UWA to host Alabama artists' dual exhibit
             
September 8, 2005

 

LIVINGSTON, Ala.—Two of Alabama’s foremost artists, Tut Altman Riddick and Charles Smith, will come together for an exhibition at The University of West Alabama titled “Kindred Spirits: Thirty Years of Friendship, Thirty Years of Art.”  The exhibit represents new, vintage and collaborative works rarely displayed in public. It is also the first ever exhibit of the artists’ collaborative work in clay and written word.

The opening reception for “Kindred Spirits” on Thursday, Sept. 15 from 2-4 p.m. in the Webb Hall Parlor on UWA’s campus is open to the public and will allow guests the chance to meet the artists. The exhibit will run from Sept. 9 to Dec. 16.
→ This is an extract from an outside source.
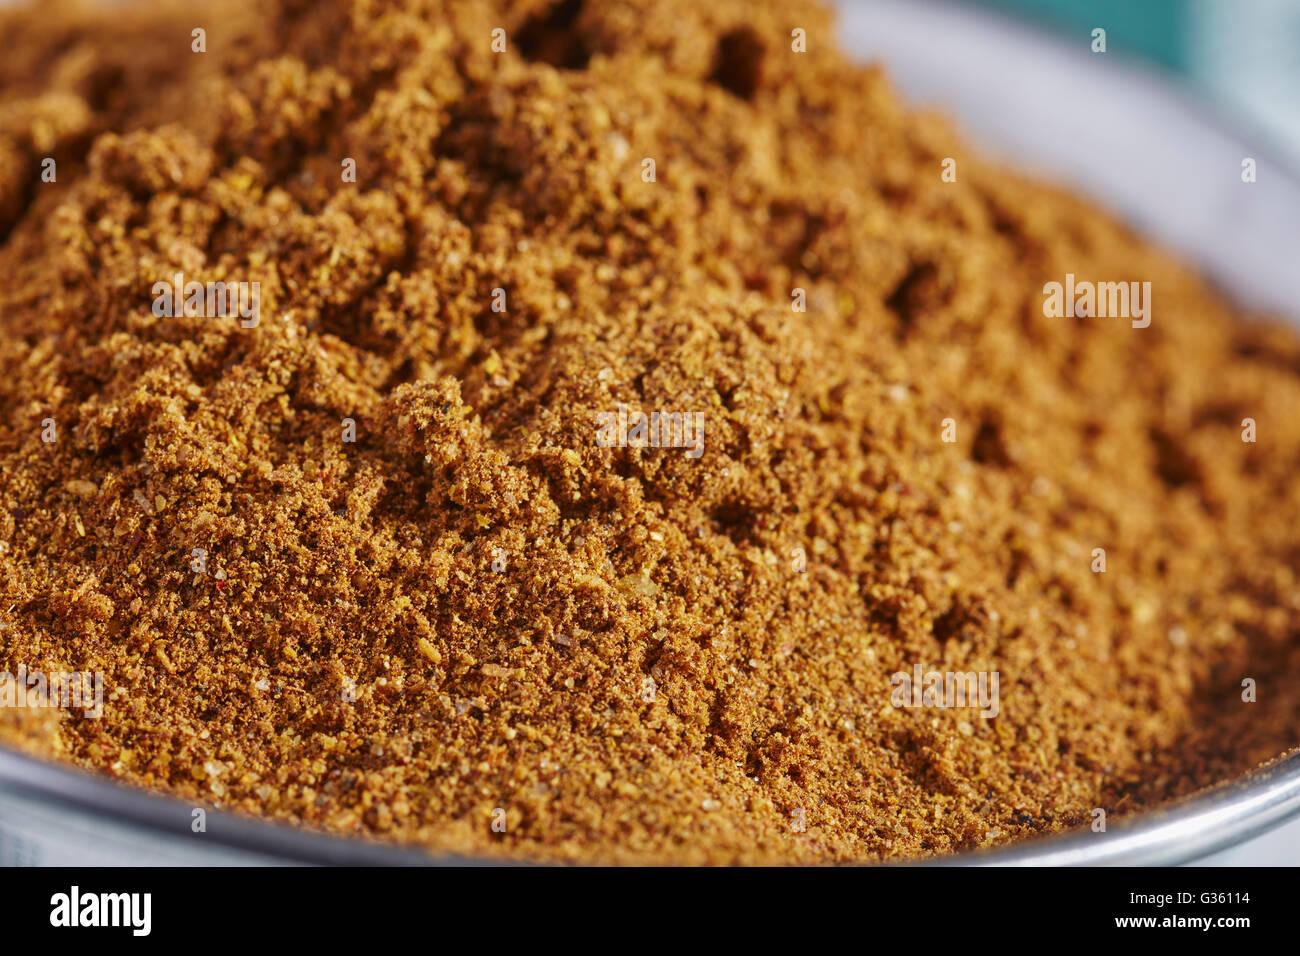 Cinque spezie in polvere, un classico cinese il condimento Immagini Stock

Tut Altman Riddick, a native of York, Ala., expresses herself through mosaics, paintings, drawings, sculpture, silk-screens, photographs and books which celebrate life, relationships and survival following confrontation. A 1991 recipient of the Governor’s Art Award, Riddick has worked tirelessly to promote the fine arts and encourage other artists throughout Alabama and the Southeast. Her works have been exhibited at the Mobile Museum of Fine Art, Savannah College of Art and Design, Eastern Shore Art Association, the University of South Alabama, the University of West Alabama, the World Print Exhibition in Boston, the Coleman Center in York, Ala. and in galleries in New Orleans, Birmingham, Pensacola, Mobile and Penland, N.C. Riddick is a passionate supporter of the city of York and the Coleman Center of Art and Culture.

Since 1978, Mobile potter Charles Smith has won over 30 First Place or Best of Show awards for his art. His work was included in the traveling exhibit “Uncommon Beauty in Common Objects: The Legacy of African American Craft Art.” Smith’s work has also been exhibited in a number of museums, including the National Museum of American Art in the Smithsonian Institution. Several of Smith’s pieces are displayed as part of the permanent collections at the Ogden Museum of Southern Art in New Orleans and the New Orleans Museum of Art, the Mobile Museum of Art and the American Craft Museum in New York City.     

The two artists have recently collaborated on one-hundred pots. With Smith throwing the pots, Riddick carved a line from one of her poems in the wet clay and both artists experimented on the glaze. Several of these joint efforts will be on display at the upcoming exhibition.

The works of Riddick and Smith are brought together by the University of West Alabama, which serves the west central Alabama area through educational opportunity, academic research and public outreach.